* WHAT THE EXERCISE ASKS: From the line that contains "Kiprun Warm Regul" to the last line of the data below, transcribe every line exactly. Do not include the pictures.

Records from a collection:
^^^^^^^^^^^^^^^^
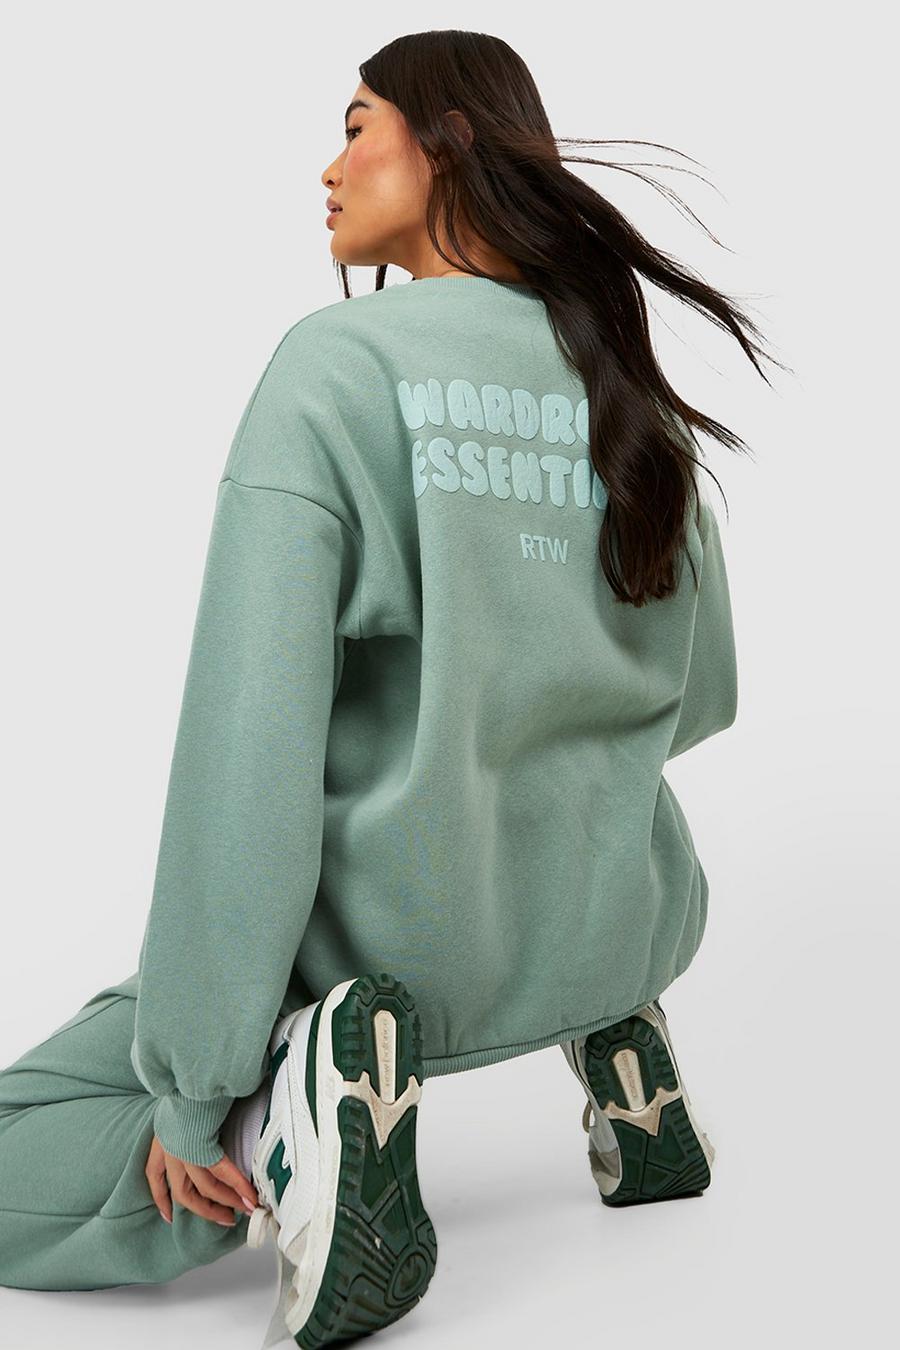 Sweatshirt mit Wardrobe Essentials Slogan, Sage grün
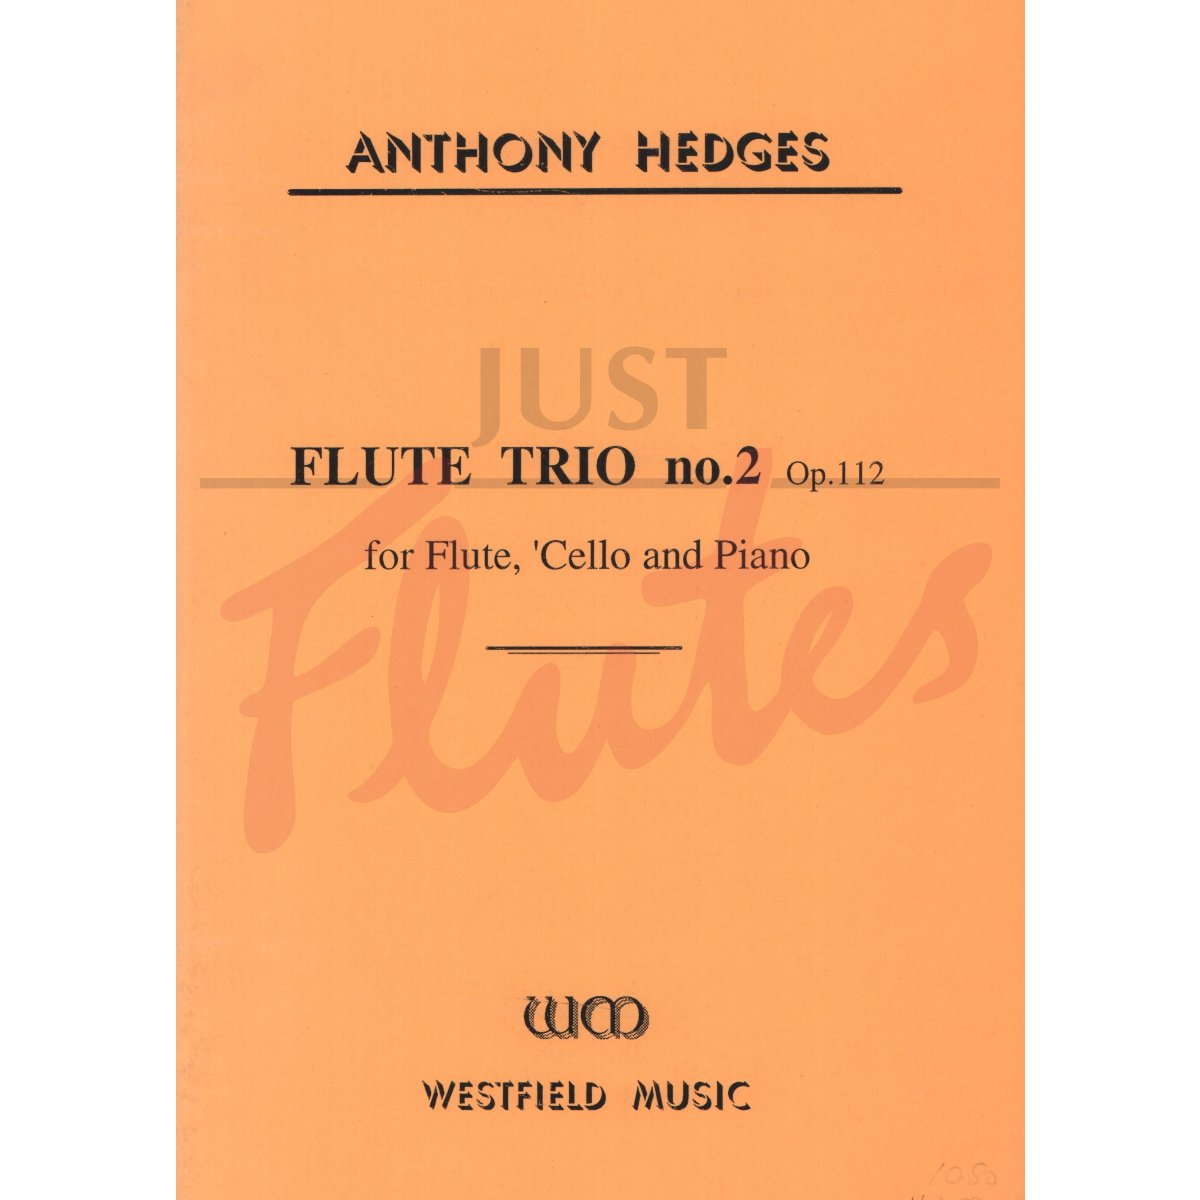 Trio No 2 for Flute, Cello and Piano
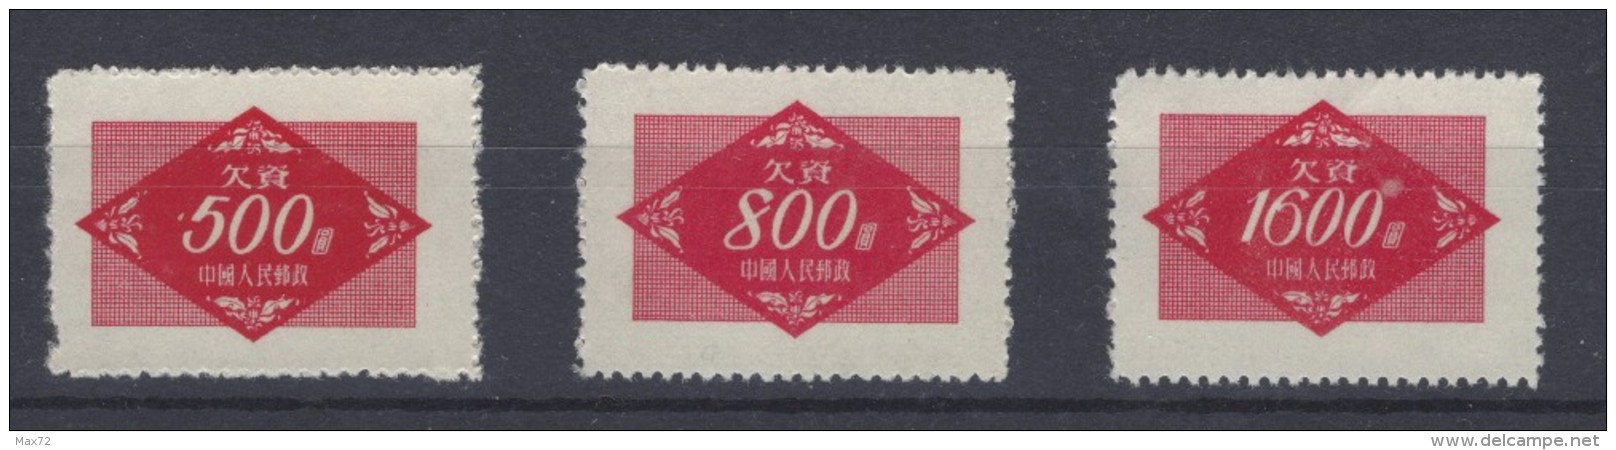 1954 CHINA MILITAR STAMPS MICHEL NR 12/14 MNH WG LIKE USUAL - Militärpostmarken
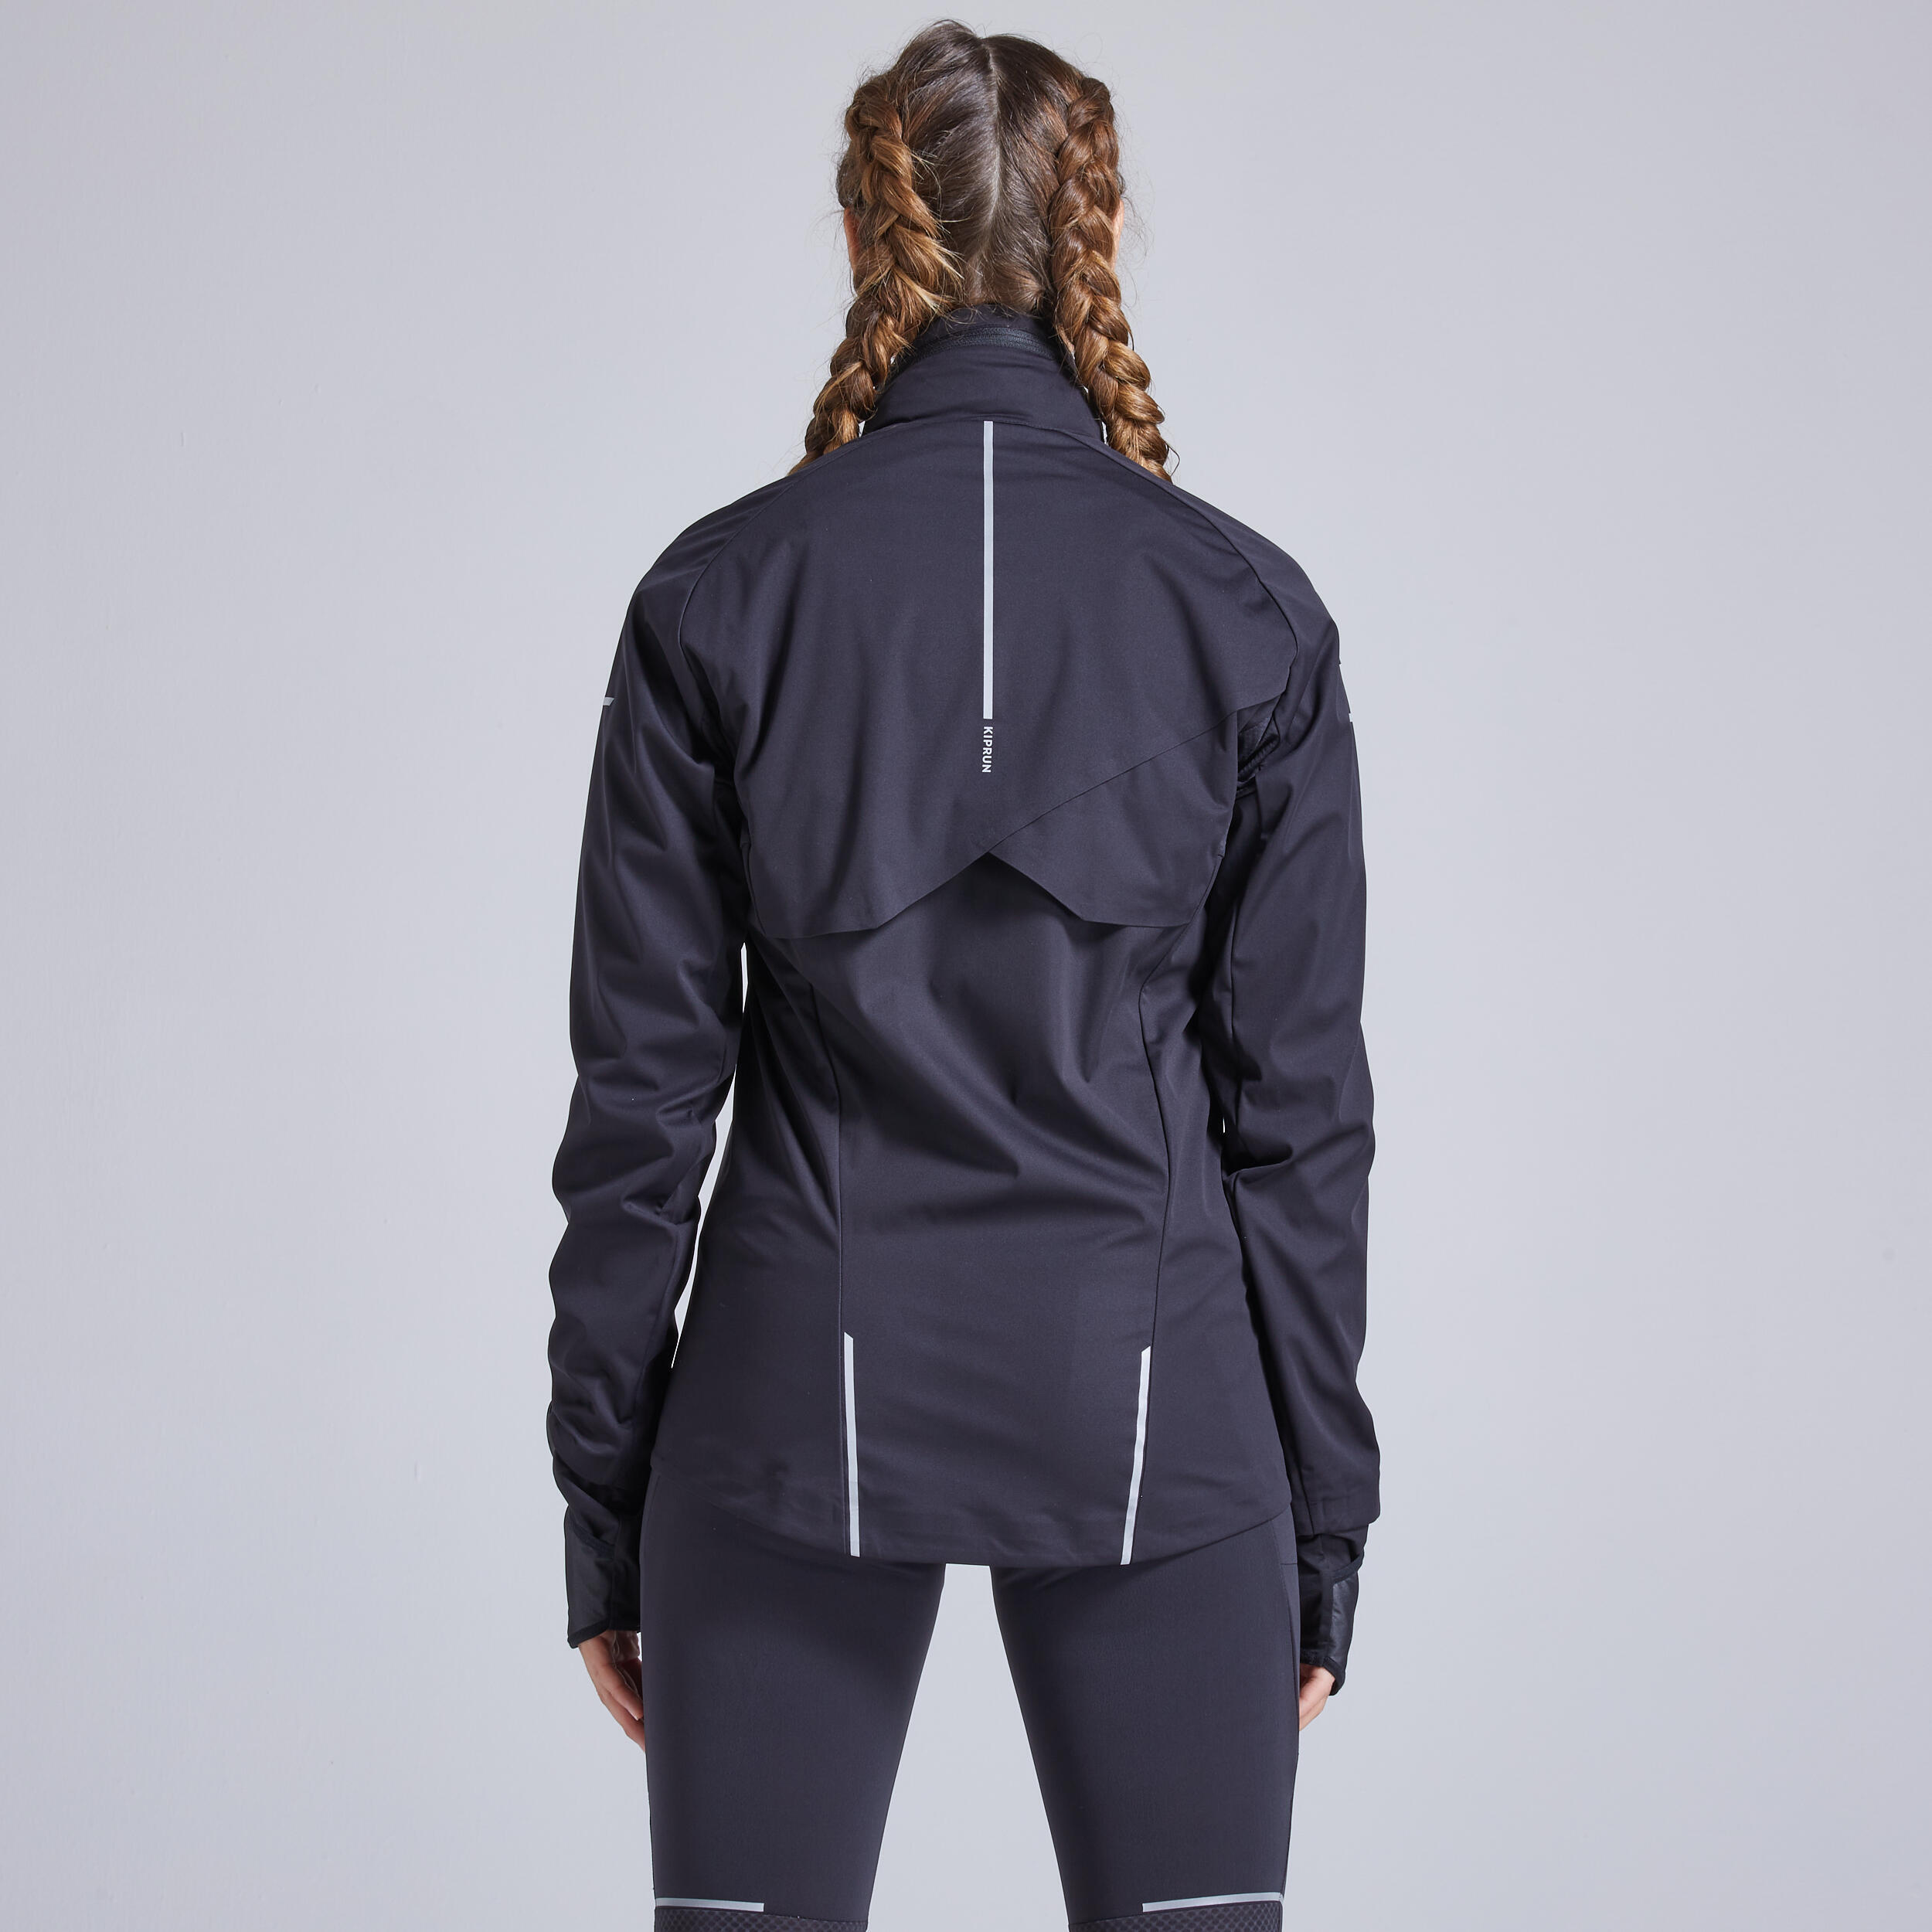 Kiprun Warm Regul Women's Running Water Repellent Windproof Jacket - Black 2/12
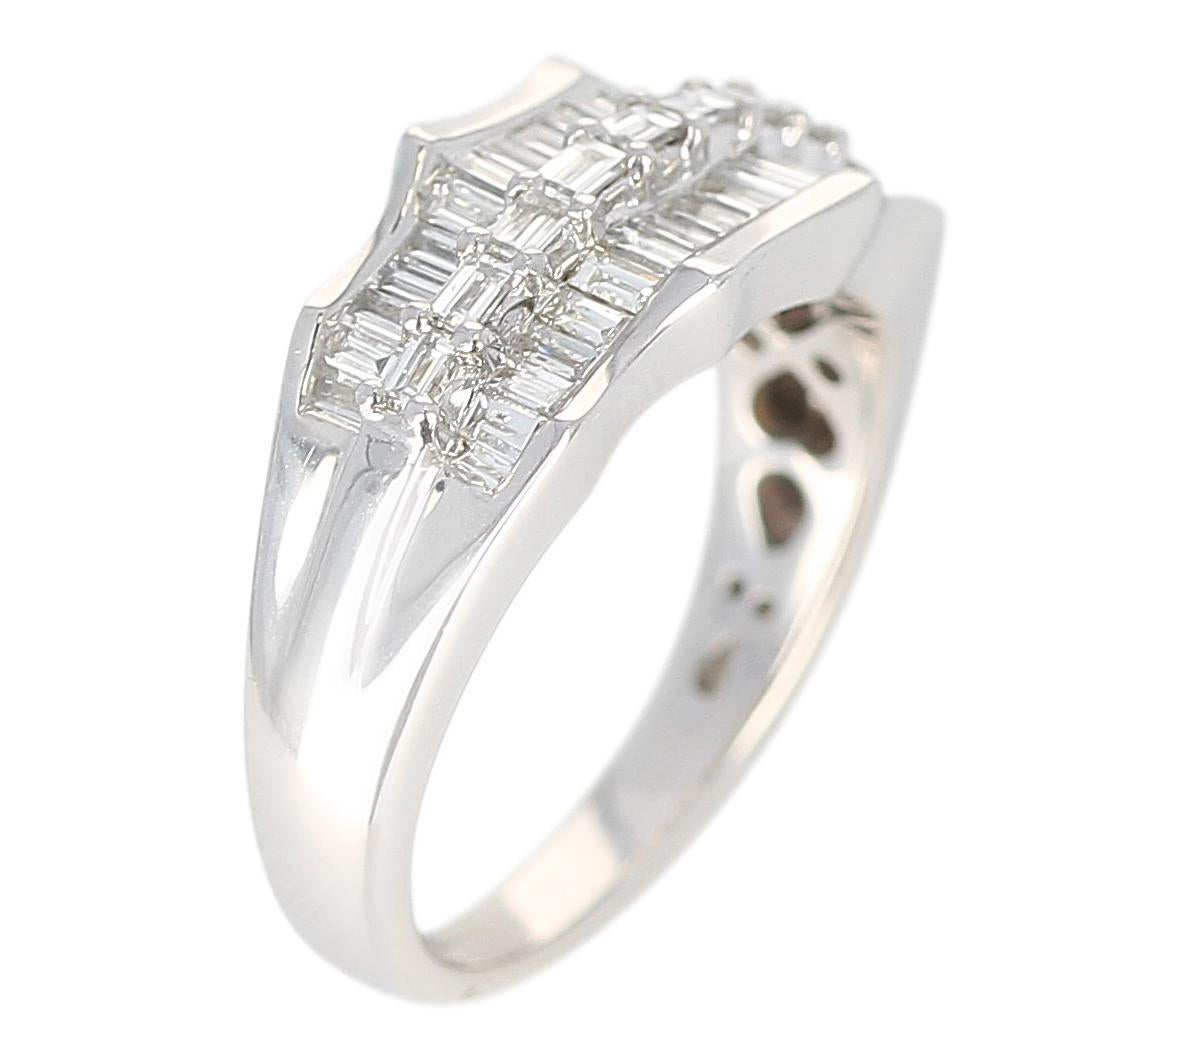 Baguette-Diamant-Brautring aus Platin in Wellenform, mit Diamanten von 1 Karat. Gesamtgewicht: 7,51 Gramm, Ringgröße US 6.50.
^^^^^^^^^^^^^^^^
* EXERCISE OUTPUT:
 Kiprun Warm Regul Women's Running Water Repellent Windproof Jacket - Black 2/12
 Baguette-Diamant-Brautring aus Platin in Wellenform, mit Diamanten von 1 Karat. Gesamtgewicht: 7,51 Gramm, Ringgröße US 6.50.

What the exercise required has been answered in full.